A year ago, Daniel Maegaard, one of the higher-profile collectors of nonfungible tokens, was spending tens of thousands of dollars on CryptoPunks featuring funky-looking people or apes. In the last few months, he’s been buying
that typically sell for less than $2,000.
The shift is indicative of the metamorphosis taking place in the market for the once-coveted digital images promoted by the likes of Justin Bieber and Madonna. NFT sales plunged 67% sequentially in the third quarter as speculators and celebrities made an exodus, leaving the sector mostly to the dedicated long-term believers in the various potential use cases, and collectors betting that the plunge in prices will rekindle speculative demand.
“There’s more upside potential compared to other NFT projects with much higher market capitalizations,” said the 32-year-old Maegaard, who began investing in NFTs connected to land sales in the blockchain-based game Axie Infinity in early 2019.
Cheaper NFT collections and $100 gaming NFTs have been generally selling better than the expensive stuff, though Maegaard said he did sell a CryptoPunk depicting an ape in a hoodie for $4.45 million on Sept. 28. On average, an Ethereum blockchain-based NFT fetched $120 on Oct. 3, compared with $1,631 in early February, according to market data researcher NonFungible. On the Ronin blockchain used by Axie Infinity, average prices were down to $16 as of Oct. 3, from $69 in February, the researcher found.
The steep decline in cryptocurrency prices overall this year is credited mostly for the decline.
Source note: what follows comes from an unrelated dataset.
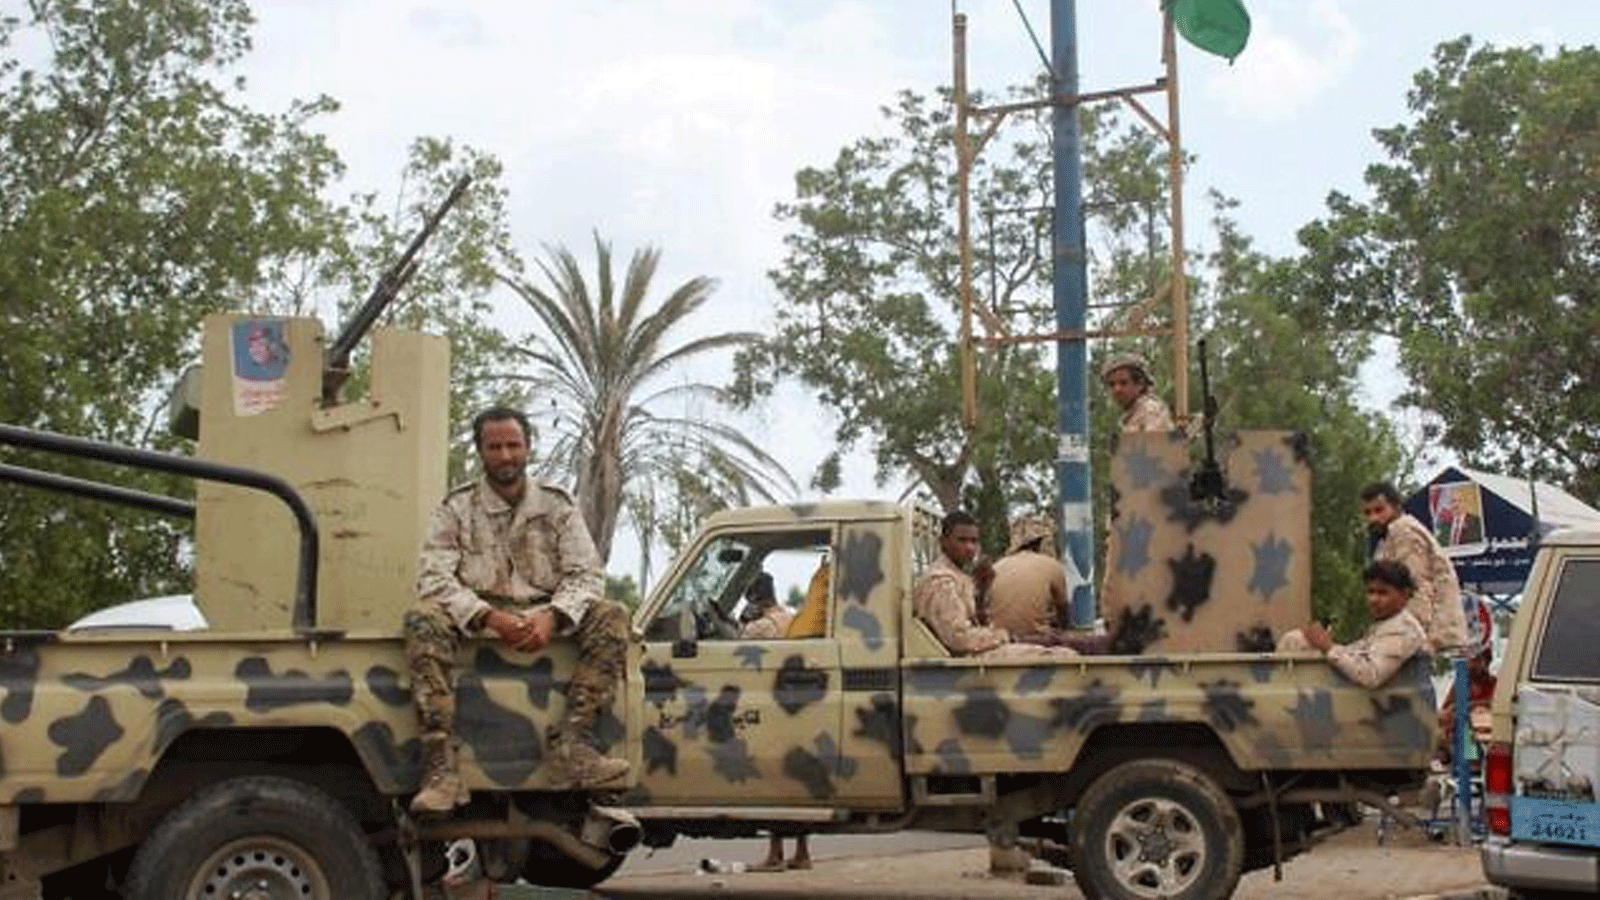 عناصر من قوات الحزام الأمني ​​التي يهيمن عليها الانفصاليون الجنوبيون في اليمن يقفون في حراسة خلال اجتماع للمجلس الانتقالي الجنوبي في مدينة عدن الساحلية الجنوبية الغربية. 13 يناير/ كانون الثاني 2020.
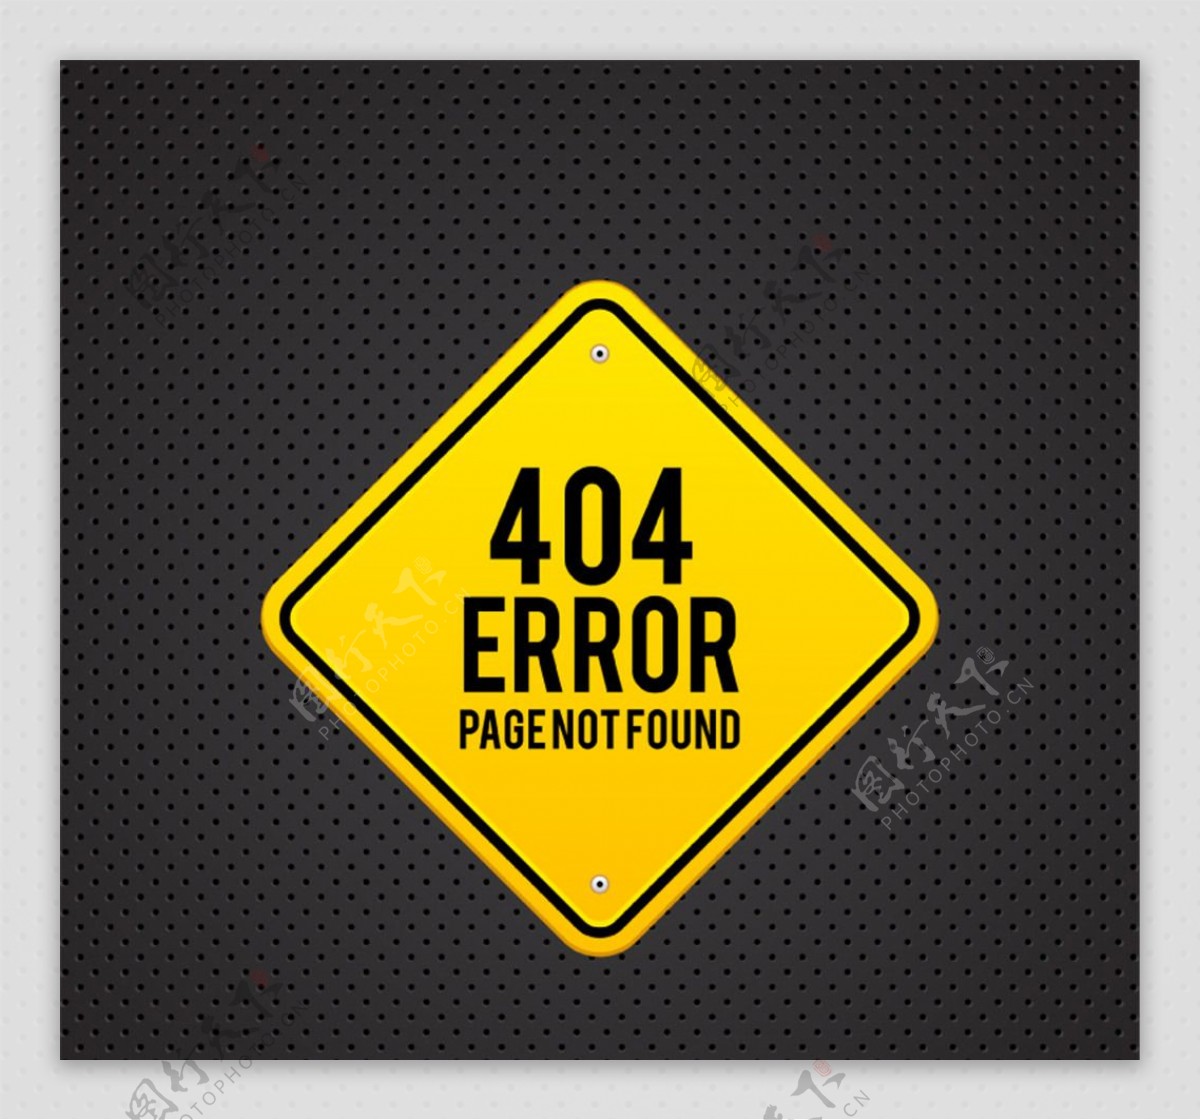 金属404错误页面设计矢量素材

On top of that, there is mounting concern about whether NFTs are likely to be viewed as securities, in light of the US Securities and Exchange Commission’s investigation of Yuga Labs Inc., the creators of the popular Bored Ape Yacht Club tokens.
“It is definitely not a super interesting space for short-term trading these days,” said Gauthier Zuppinger, co-founder of NonFungible. “Which may be an explanation why the space is currently at a pretty low pace.”
That’s transforming the competitive landscape, especially for NFT trading platforms, as buyers search for bargains and many new collections debut outside of the Ethereum blockchain. OpenSea, the world’s biggest NFT marketplace, had a 38% market share in September, down from nearly 85% in March, according to tracker DappRadar. Rival platforms x2y2 and Magic Eden have boomed -- with Magic Eden more than doubling its sales in September. Magic Eden had a 13.4% market share in September, up from also less than 1% in March, according to DappRadar. Last month, x2y2 boosted its share to 31.3%, up from less than 1% in March.